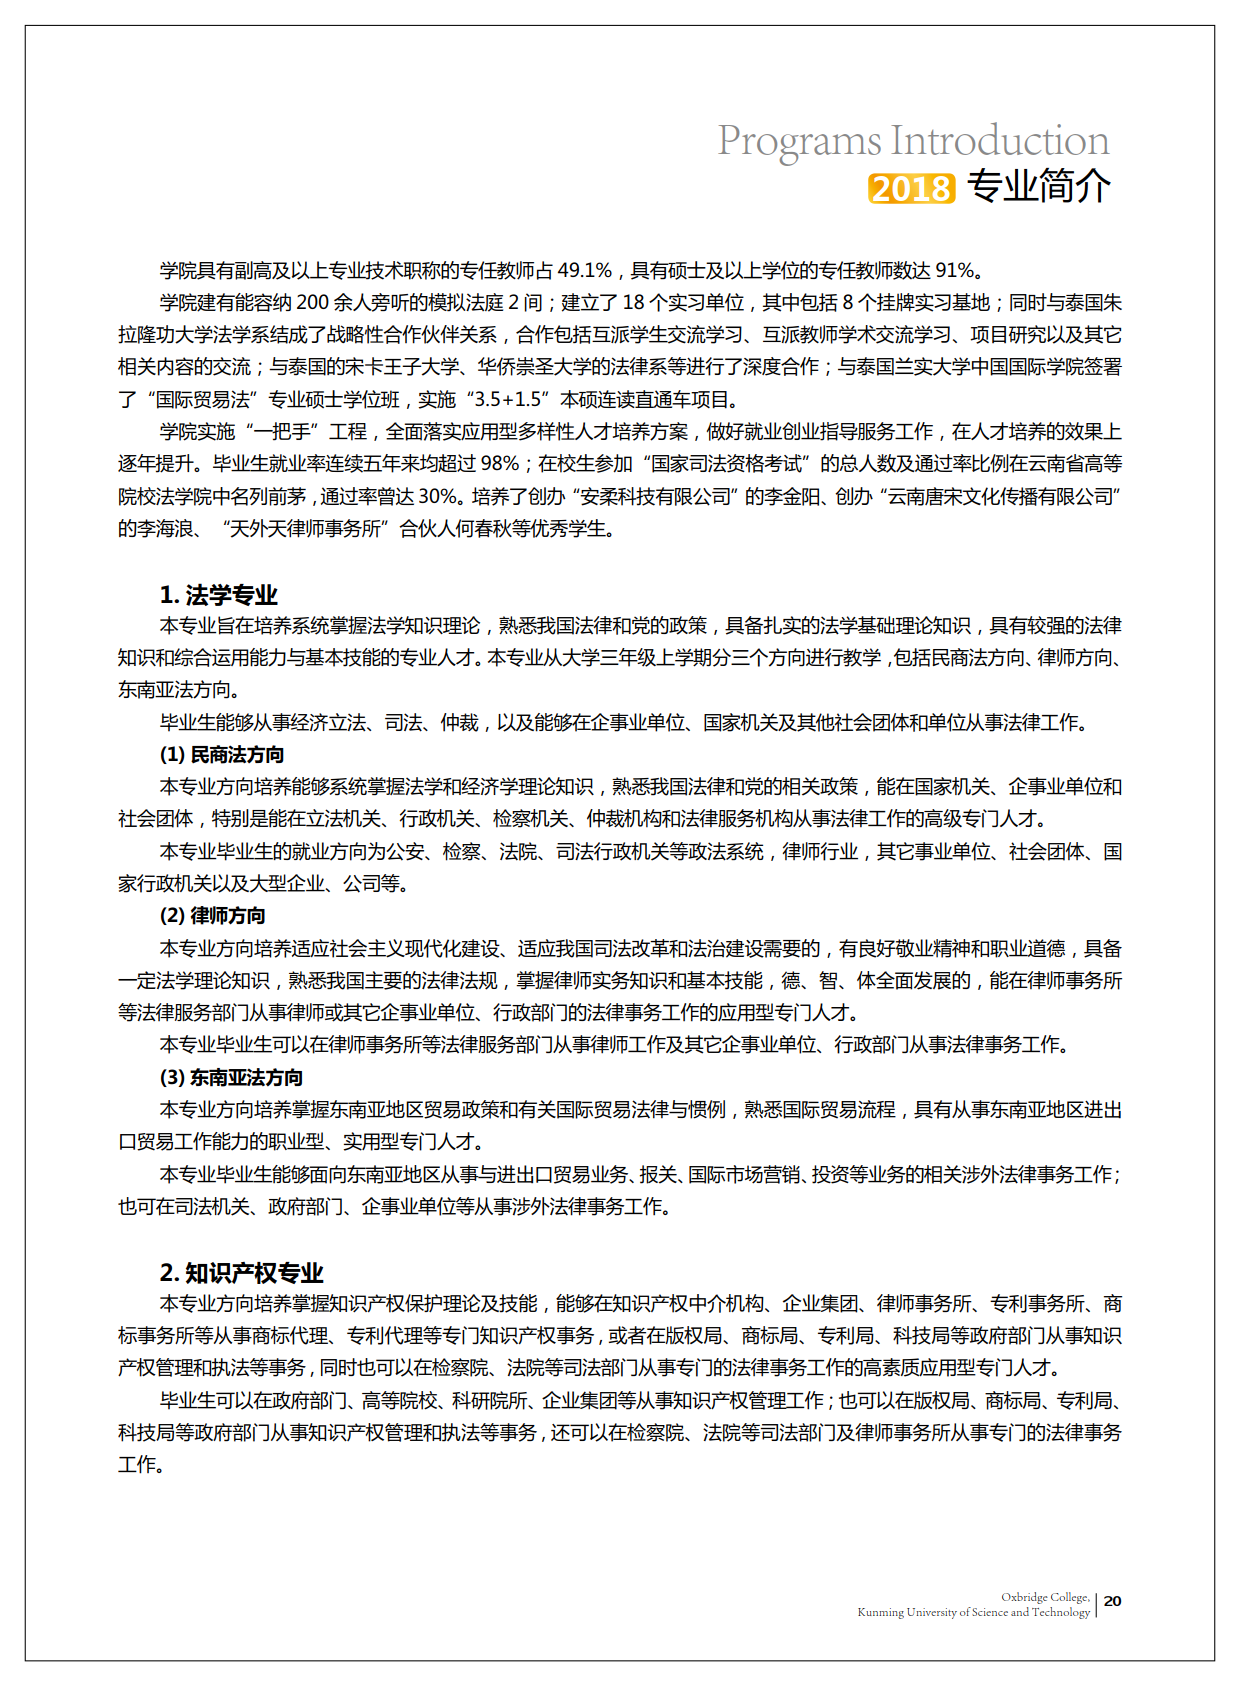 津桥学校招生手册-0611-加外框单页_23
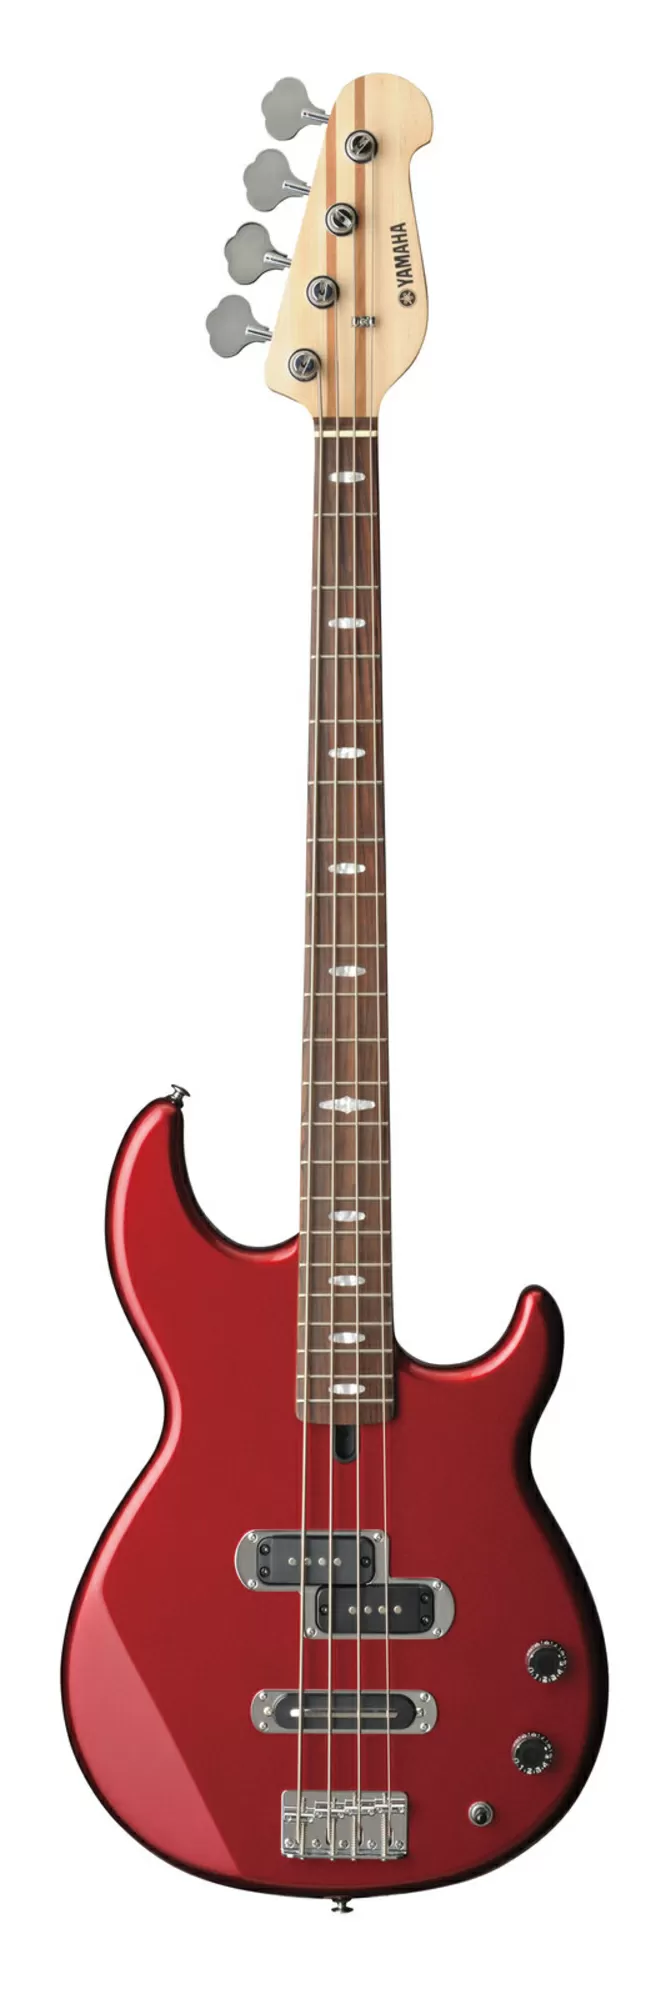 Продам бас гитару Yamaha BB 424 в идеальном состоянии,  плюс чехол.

==

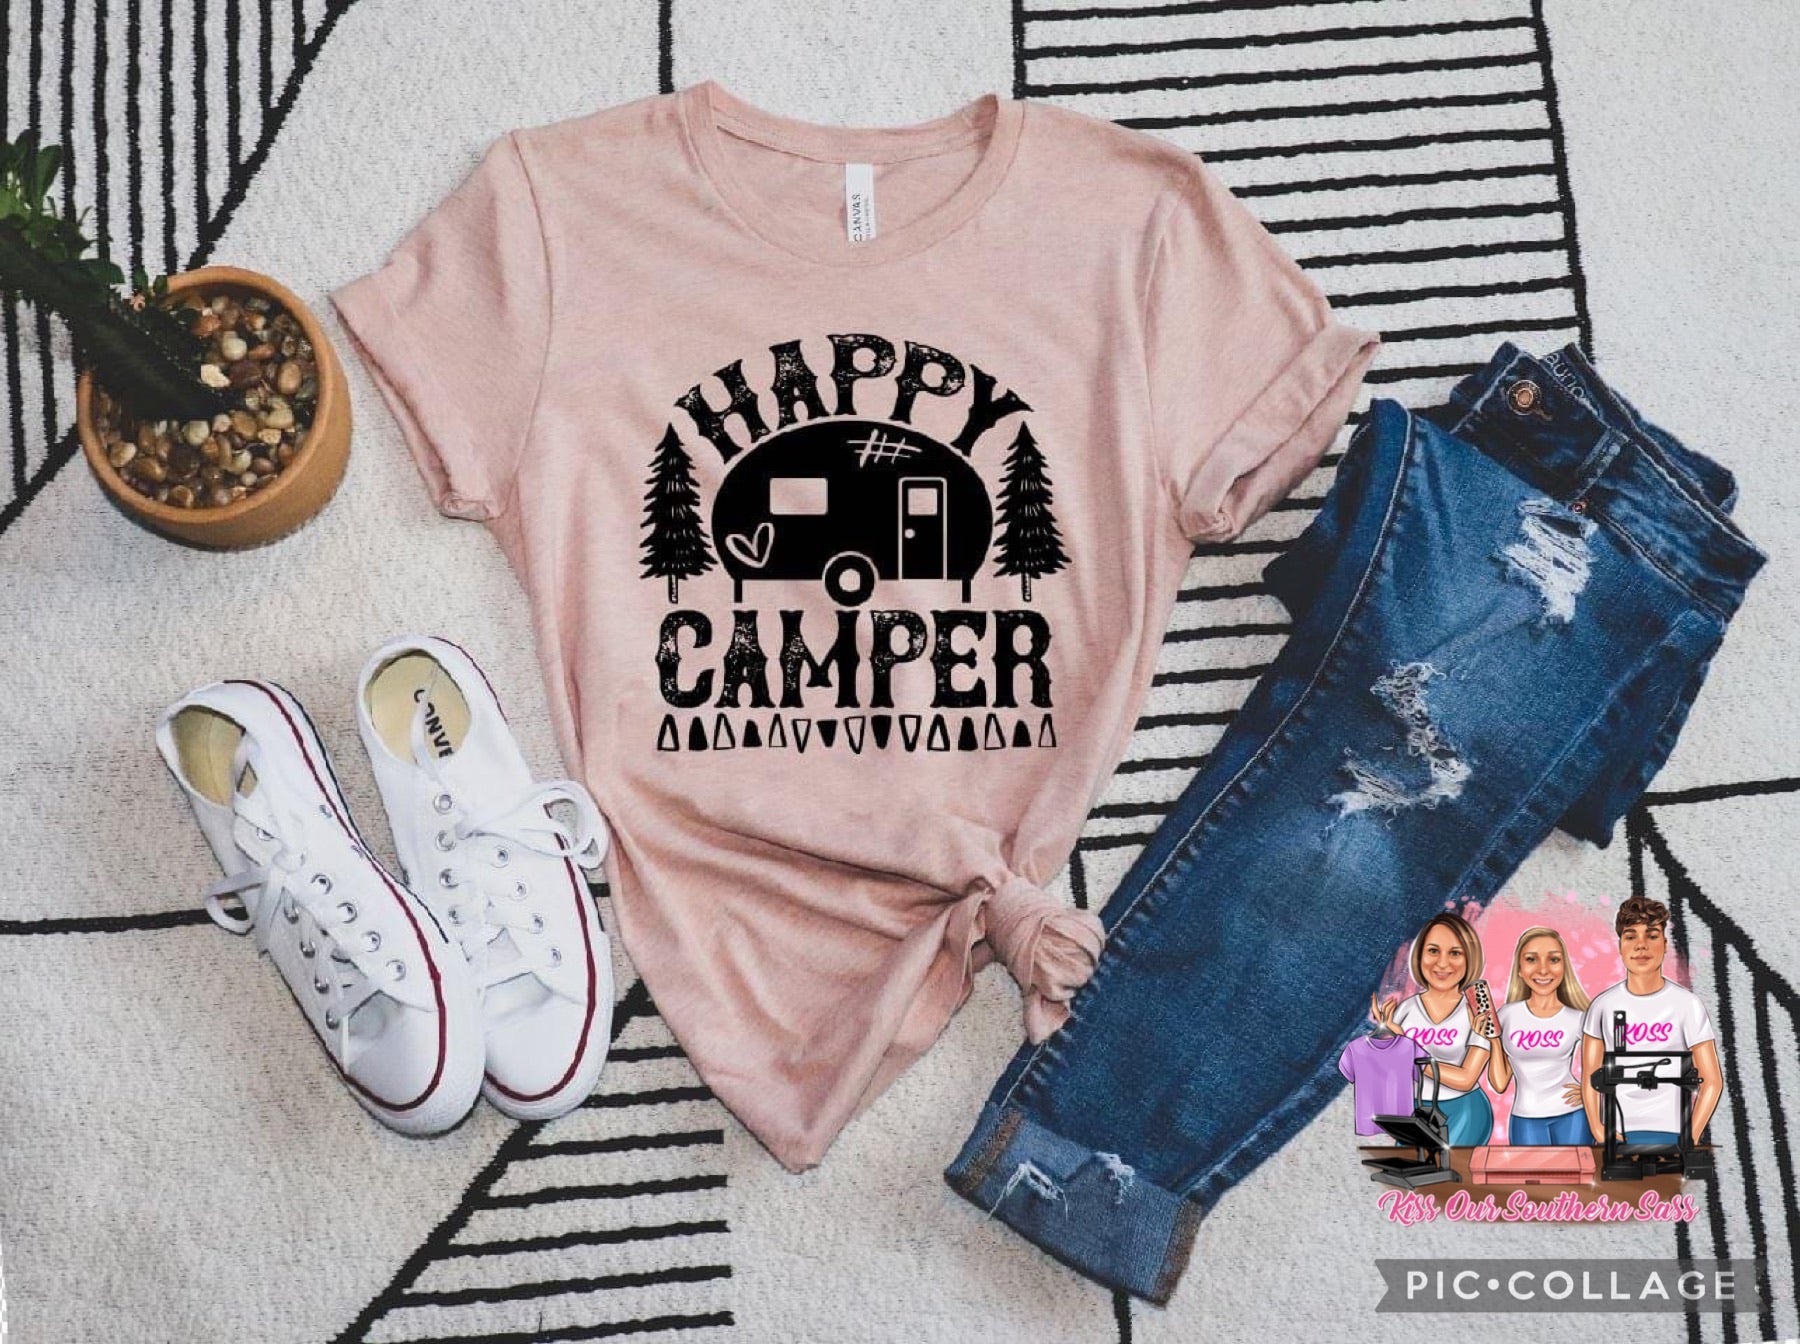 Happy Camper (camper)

§ WHAT TO PRODUCE:
Range to copy from the listing above: the line with "津桥学校招生手册-0611-加外框单页_23" through the line with "Продам бас гитару". Transcribe it exactly and skip the pictures.

§ EXERCISE SOLUTION:
 津桥学校招生手册-0611-加外框单页_23
 Продам бас гитару Yamaha BB 424 в идеальном состоянии,  плюс чехол.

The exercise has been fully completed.